§ **PROMPT**:
Among the entries below, take the line with "[HD][2018-02-17]广东新闻联播:震撼!广州史上最大花车巡游花城" and the line with "الوان دهانات مميزه", and output them and every line between them exactly, with nothing else.

::: LISTED ENTRIES :::

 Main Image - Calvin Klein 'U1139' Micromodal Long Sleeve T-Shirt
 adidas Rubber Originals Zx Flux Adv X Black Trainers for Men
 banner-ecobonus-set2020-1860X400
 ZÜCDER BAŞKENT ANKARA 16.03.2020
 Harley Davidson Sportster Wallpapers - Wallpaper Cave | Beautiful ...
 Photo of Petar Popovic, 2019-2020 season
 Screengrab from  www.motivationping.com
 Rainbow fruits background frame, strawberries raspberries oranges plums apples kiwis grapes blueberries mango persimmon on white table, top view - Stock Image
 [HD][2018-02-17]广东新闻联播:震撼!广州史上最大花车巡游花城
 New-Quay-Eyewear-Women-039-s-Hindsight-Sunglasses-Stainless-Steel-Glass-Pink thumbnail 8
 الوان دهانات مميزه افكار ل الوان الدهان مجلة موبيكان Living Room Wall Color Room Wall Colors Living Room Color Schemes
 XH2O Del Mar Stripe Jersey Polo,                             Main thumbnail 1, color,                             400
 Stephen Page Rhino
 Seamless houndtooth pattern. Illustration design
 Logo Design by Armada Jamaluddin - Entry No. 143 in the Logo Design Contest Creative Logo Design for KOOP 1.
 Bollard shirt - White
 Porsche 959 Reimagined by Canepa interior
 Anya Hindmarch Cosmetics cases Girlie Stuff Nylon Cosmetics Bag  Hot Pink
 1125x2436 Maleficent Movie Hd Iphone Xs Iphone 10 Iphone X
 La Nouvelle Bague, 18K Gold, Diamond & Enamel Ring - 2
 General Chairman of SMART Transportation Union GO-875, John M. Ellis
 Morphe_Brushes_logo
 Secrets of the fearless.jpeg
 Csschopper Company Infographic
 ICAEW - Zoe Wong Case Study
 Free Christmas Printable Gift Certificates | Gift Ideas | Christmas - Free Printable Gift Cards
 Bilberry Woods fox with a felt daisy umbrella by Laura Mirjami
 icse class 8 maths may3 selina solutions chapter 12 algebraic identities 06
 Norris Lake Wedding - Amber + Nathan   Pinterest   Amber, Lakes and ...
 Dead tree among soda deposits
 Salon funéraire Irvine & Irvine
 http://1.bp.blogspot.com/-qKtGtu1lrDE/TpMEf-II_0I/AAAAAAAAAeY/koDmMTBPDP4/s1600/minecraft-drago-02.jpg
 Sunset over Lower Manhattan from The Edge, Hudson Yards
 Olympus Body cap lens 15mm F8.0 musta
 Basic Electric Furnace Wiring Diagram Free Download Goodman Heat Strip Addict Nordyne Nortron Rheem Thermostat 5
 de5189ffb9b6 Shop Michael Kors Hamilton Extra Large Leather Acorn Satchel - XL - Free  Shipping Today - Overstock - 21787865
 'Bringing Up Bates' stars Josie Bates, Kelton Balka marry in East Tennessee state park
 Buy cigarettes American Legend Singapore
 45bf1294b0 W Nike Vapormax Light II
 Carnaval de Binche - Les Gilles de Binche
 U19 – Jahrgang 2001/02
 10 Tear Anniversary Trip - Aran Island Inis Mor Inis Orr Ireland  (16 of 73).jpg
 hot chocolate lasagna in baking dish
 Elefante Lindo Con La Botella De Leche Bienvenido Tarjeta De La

:::

§ **SOLUTION BELOW**:
 [HD][2018-02-17]广东新闻联播:震撼!广州史上最大花车巡游花城
 New-Quay-Eyewear-Women-039-s-Hindsight-Sunglasses-Stainless-Steel-Glass-Pink thumbnail 8
 الوان دهانات مميزه افكار ل الوان الدهان مجلة موبيكان Living Room Wall Color Room Wall Colors Living Room Color Schemes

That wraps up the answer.